Toby had been playing on his bike when he saw the 6ft-long cat, capable of reaching speeds of 75mph, standing 15ft away. Dropping his bicycle, he ran 40ft to the house, where he watched the big cat sink its claws into the bike's tyres and take a chunk out of its leather seat. "I panicked," he said. "It looked massive, really scary. I thought it would attack me. I ran as fast as I could."

Mrs Taylor, 41, said: "I figured it must have escaped from the next door zoo but I was in too much of a state to find their phone number. I was in a blind panic so I phoned 999."

The operator contacted Hamerton Zoo, leaving mother and son waiting nervously inside for 20 minutes, with Toby's labrador Otto guarding the door until Akea's keepers arrived.

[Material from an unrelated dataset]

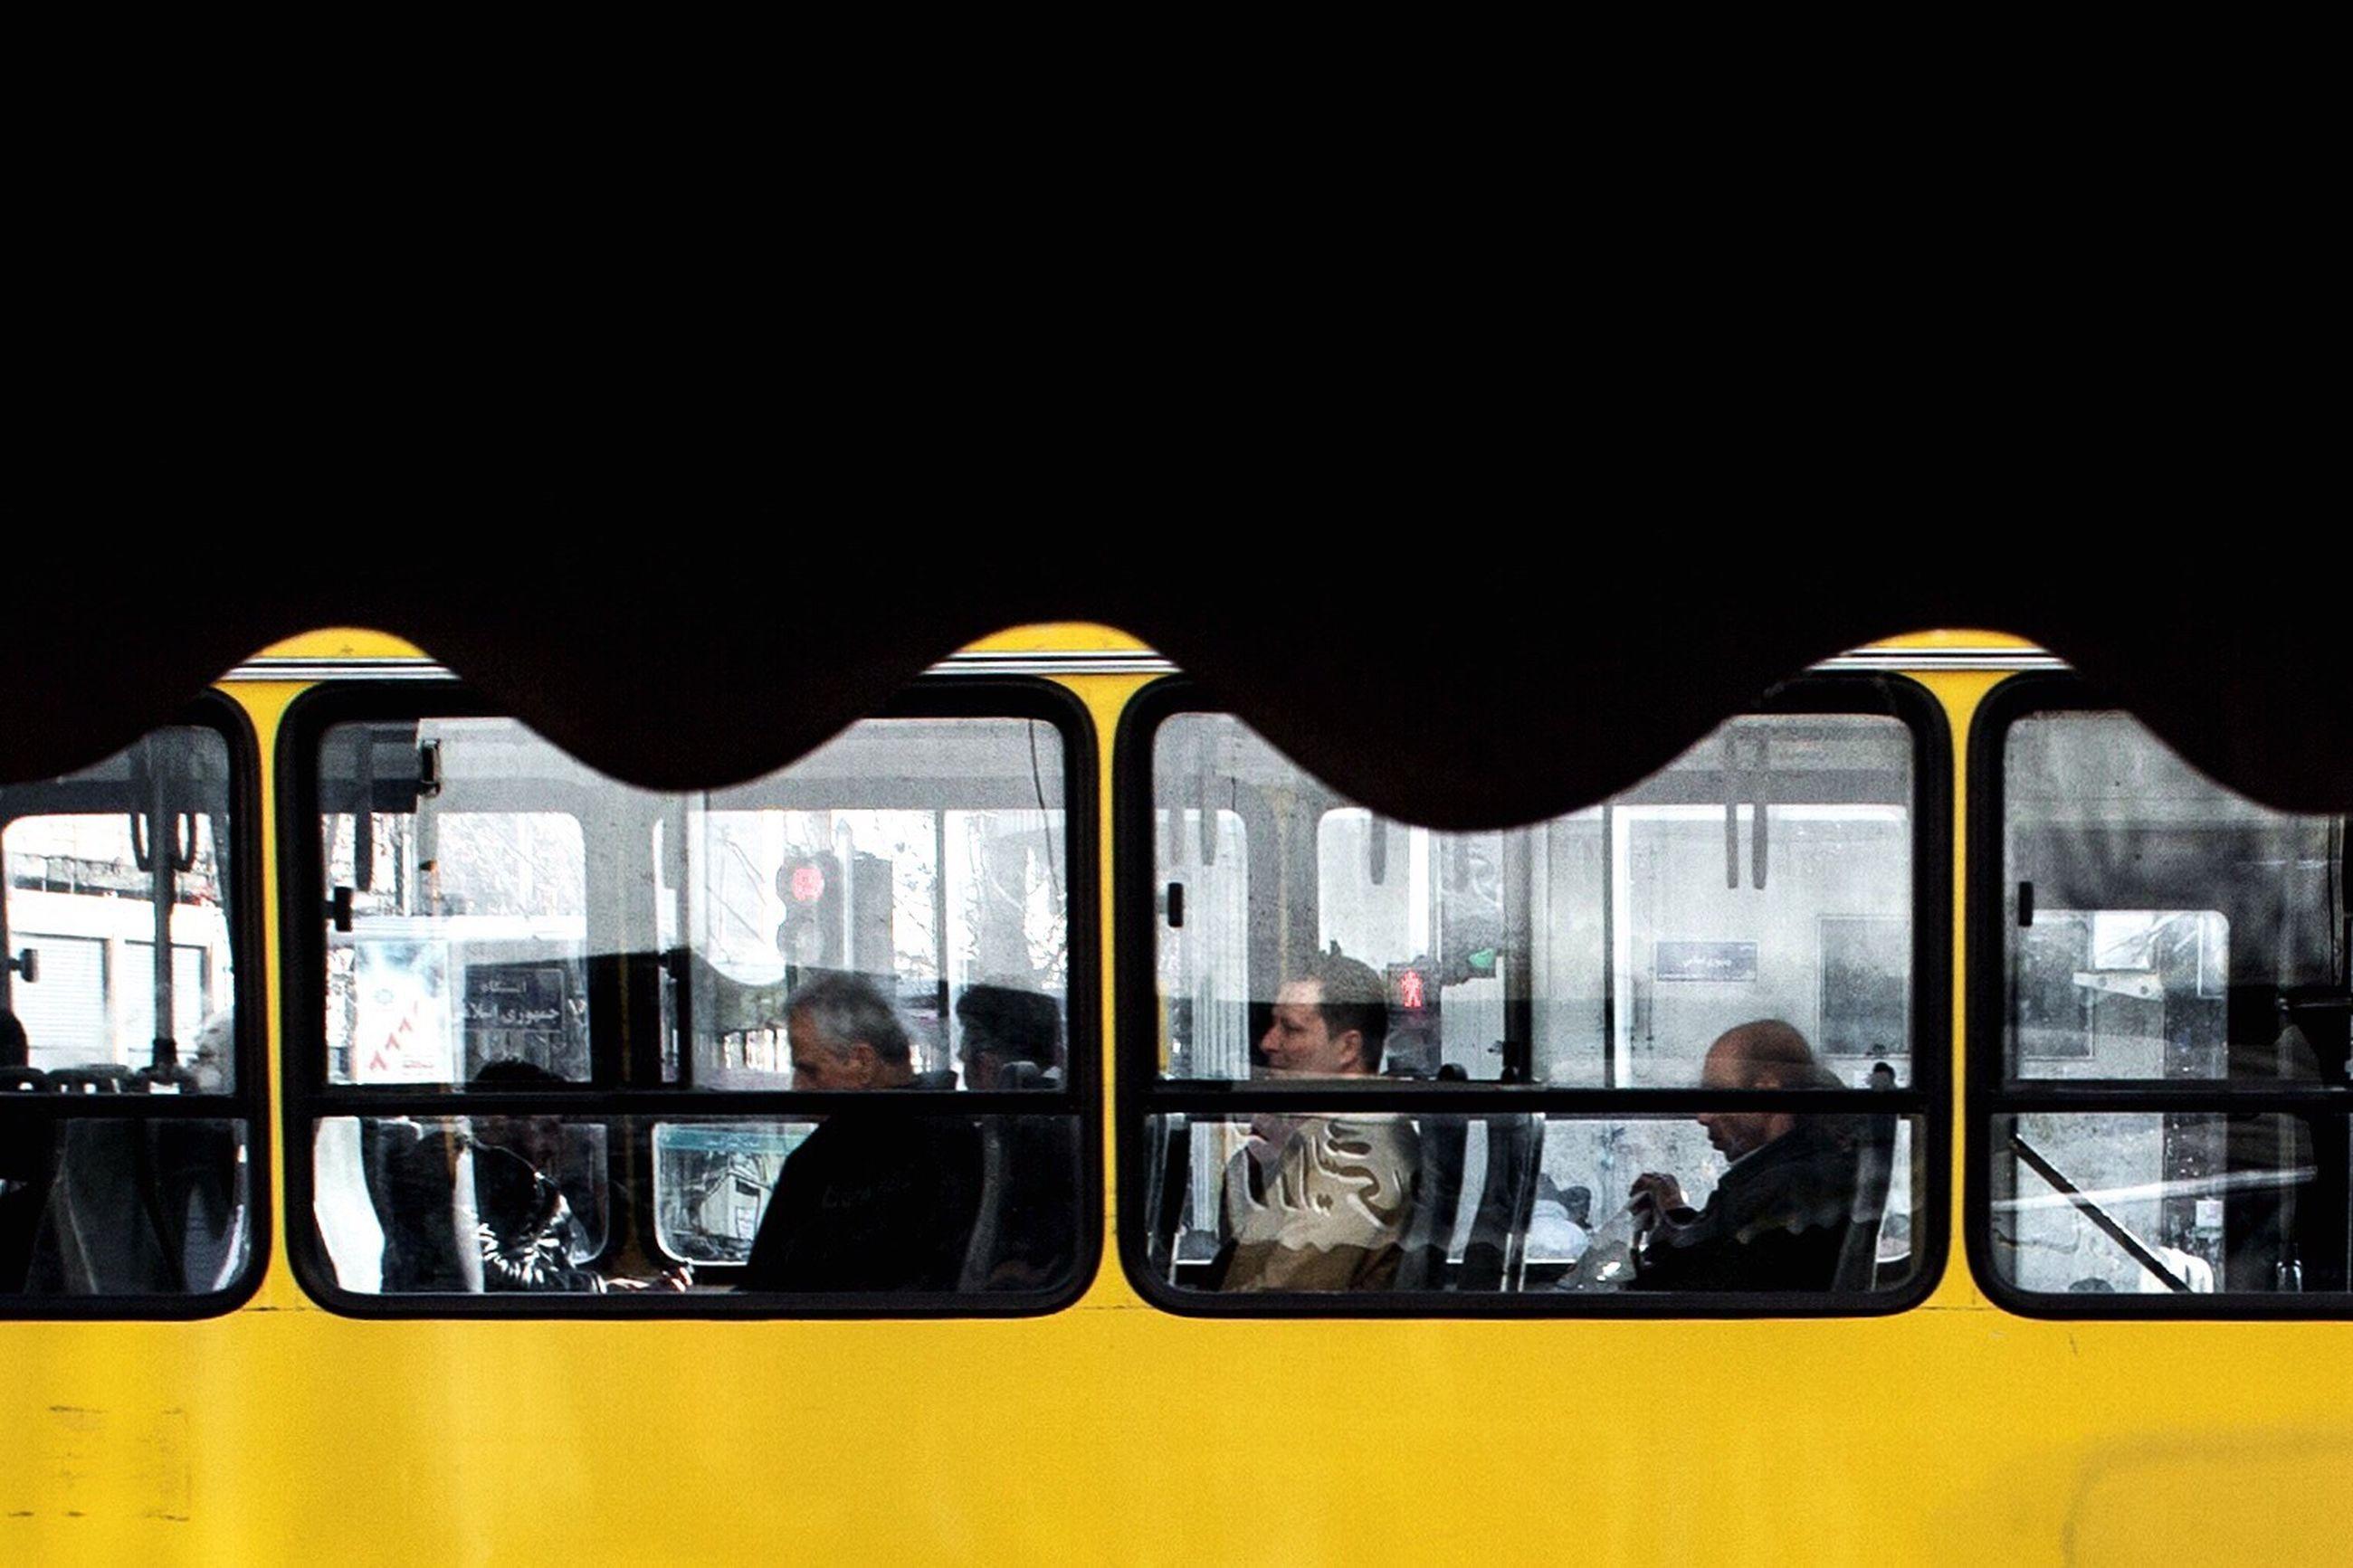 transportation, mode of transport, public transportation, window, train - vehicle, yellow, land vehicle, real people, day, men, subway train, outdoors, adult, people
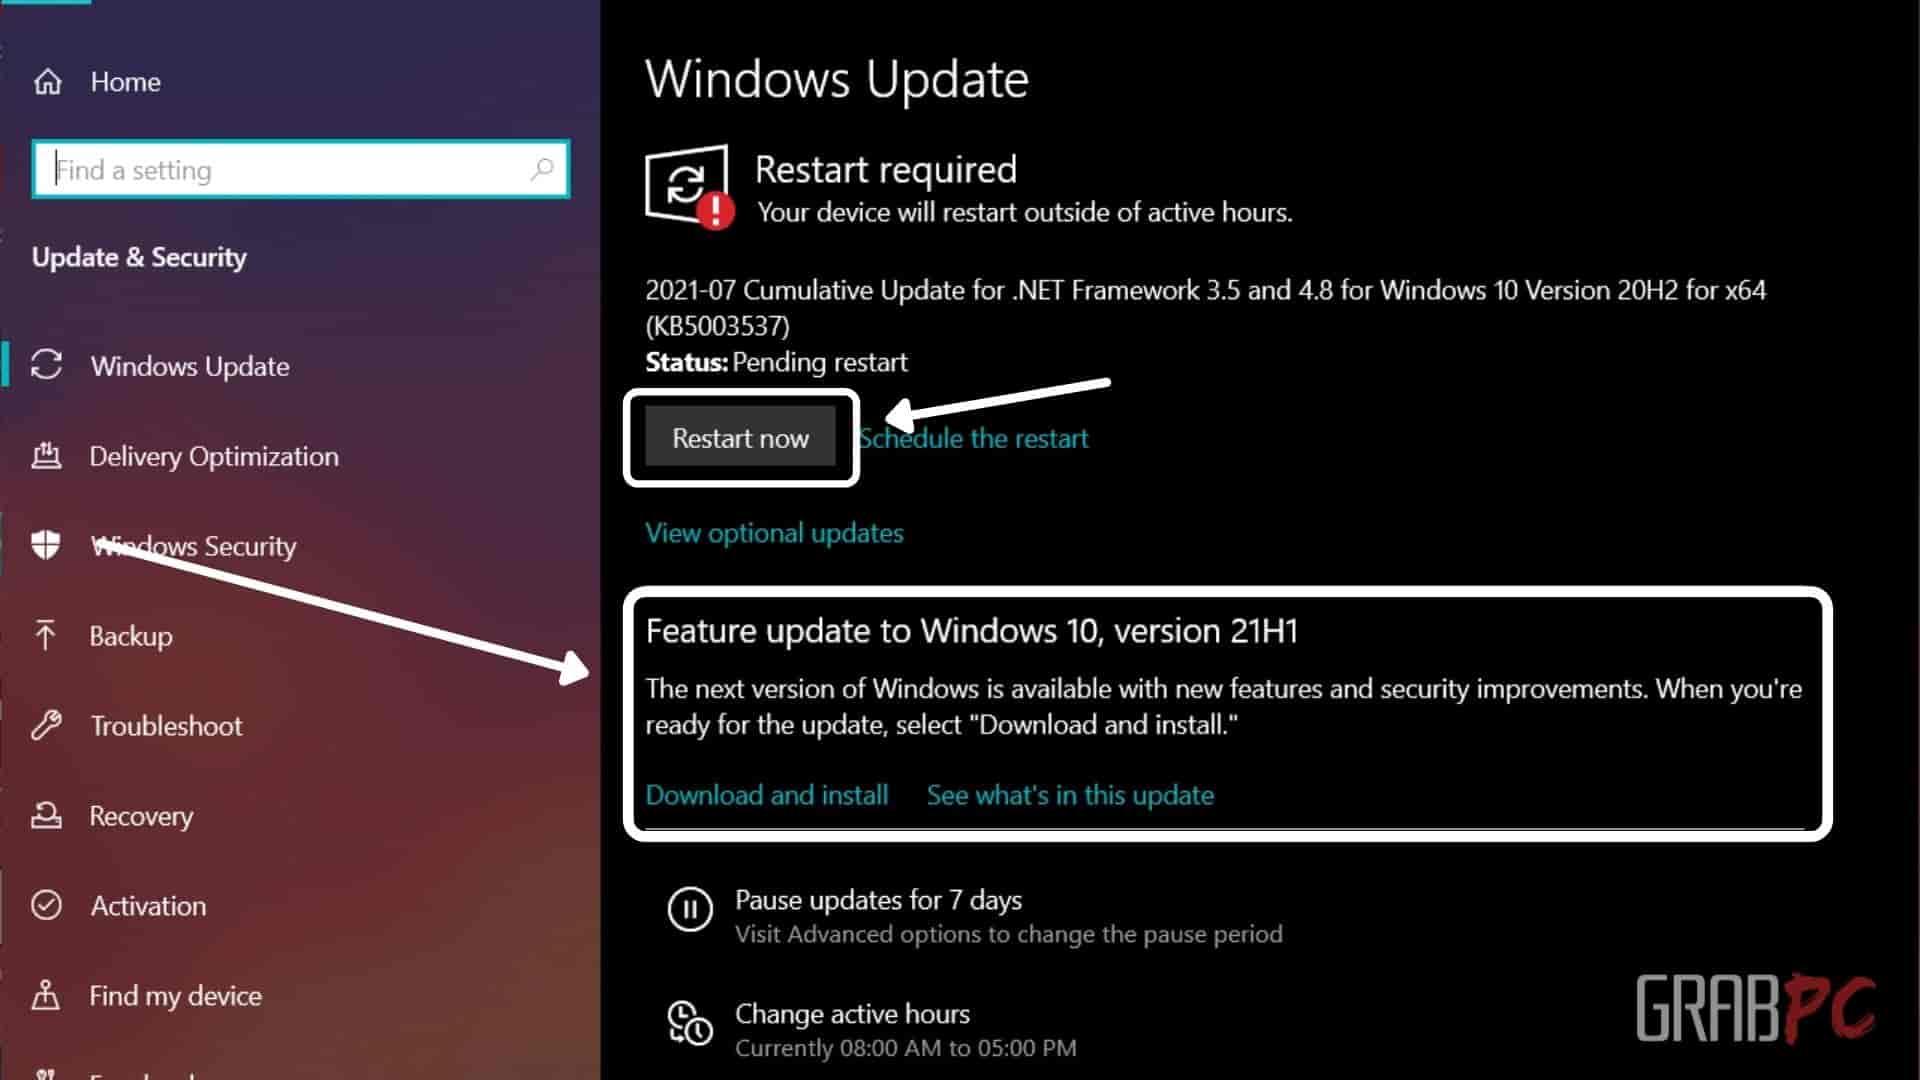 update settings menu

They harnessed the cat and locked it in the family's stables until a crate was brought to take it back to the zoological park. Its management blamed the cheetah's escape on faulty electric fencing which has now been replaced and dismissed the idea that it posed a threat, saying the hand-reared three-year-old was "completely tame".

Andrew Swales, the zoo's director, said: "Akea was away for a few minutes, visited our neighbour, had his harness and lead put on and returned home. When our keepers arrived in our neighbour's garden, Akea was happily playing with a bicycle, which must have reminded him of one of his toys.

"He wouldn't pose any danger, and his reaction to strangers would be the same as a pet dog – either a friendly greeting or a guarded retreat."

Mrs Taylor said: "We had no idea it was hand reared. It was very scary. You don't expect a cheetah in your garden."